In order to perform microdialysis experiments, 9-10 week old male Wistar and ST rats were anesthetized with sodium pentobarbital while a stereotactic apparatus implanted a microdialysis guided cannula into the medial prefrontal cortex. The rats recovered from surgery for at least 4 days prior to the day of the microdialysis experiment and on the first day each animal was placed in a plastic cage while a dialysis probe was inserted into the cannula and perfused with modified Ringer’s solution containing physostigmine at a rate of 1.0 uL/min and 2.0 uL/min for dopamine and acetylcholine, respectively. Dialysates for dopamine and acetylcholine were collected every 30 minutes and every 20 minutes, respectively. After 3 samples were collected ASP2905 was orally administered in doses of 0.01, 0.03, and 0.1 mg/kg for dopamine and doses of 0.1 and 1 mg/kg for acetylcholine. Dialysates were then collected every 180 minutes for dopamine and every 100 minutes for acetylcholine [2].

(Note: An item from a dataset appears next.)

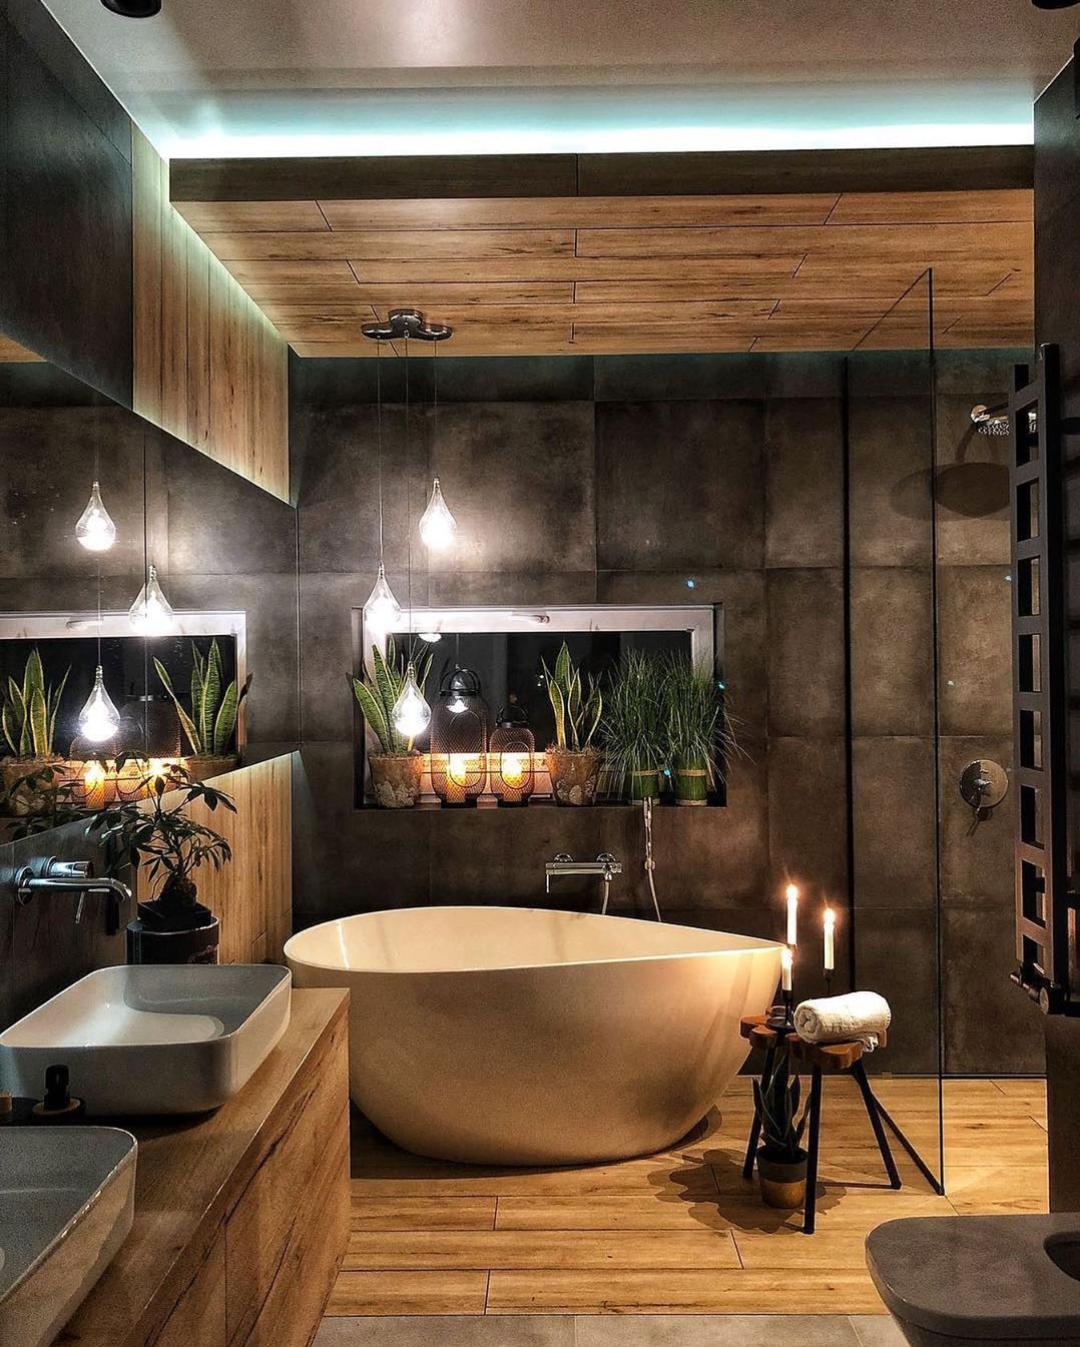 custom made modular furniture. bathroom decor, organic interior styles. lakkadworks

The levels of extracellular dopamine in the medial prefrontal cortex were assessed through the use of an Eicom HTEC-500 high pressure liquid chromatography system and separated using a reverse-phase PP-ODS column eluted with 500 mg/mL sodium 1-decanesulfonate, 1% methanol, and 50 mg/mL of EDTA.The levels of extracellular acetylcholine in the medial prefrontal cortex were measured using a combination of an ECD, an enzymatic assay, and a combination of HPLC. Additionally, isopropylhomocholine served as an internal standard for the purpose of this study while a solution comprised of 100 mM KHCO3 contain 300 mg/L sodium 1-decanesulfonate and 50 mg/L EDTA was delivered at a rate of 500 uL/min. Samples were collected and separated using a column packed with a polystyrene resin; acetylcholine was converted to H2O2 through the use of a postcolumn enzyme reactor that detected H2O2 with an ECD-300 [2].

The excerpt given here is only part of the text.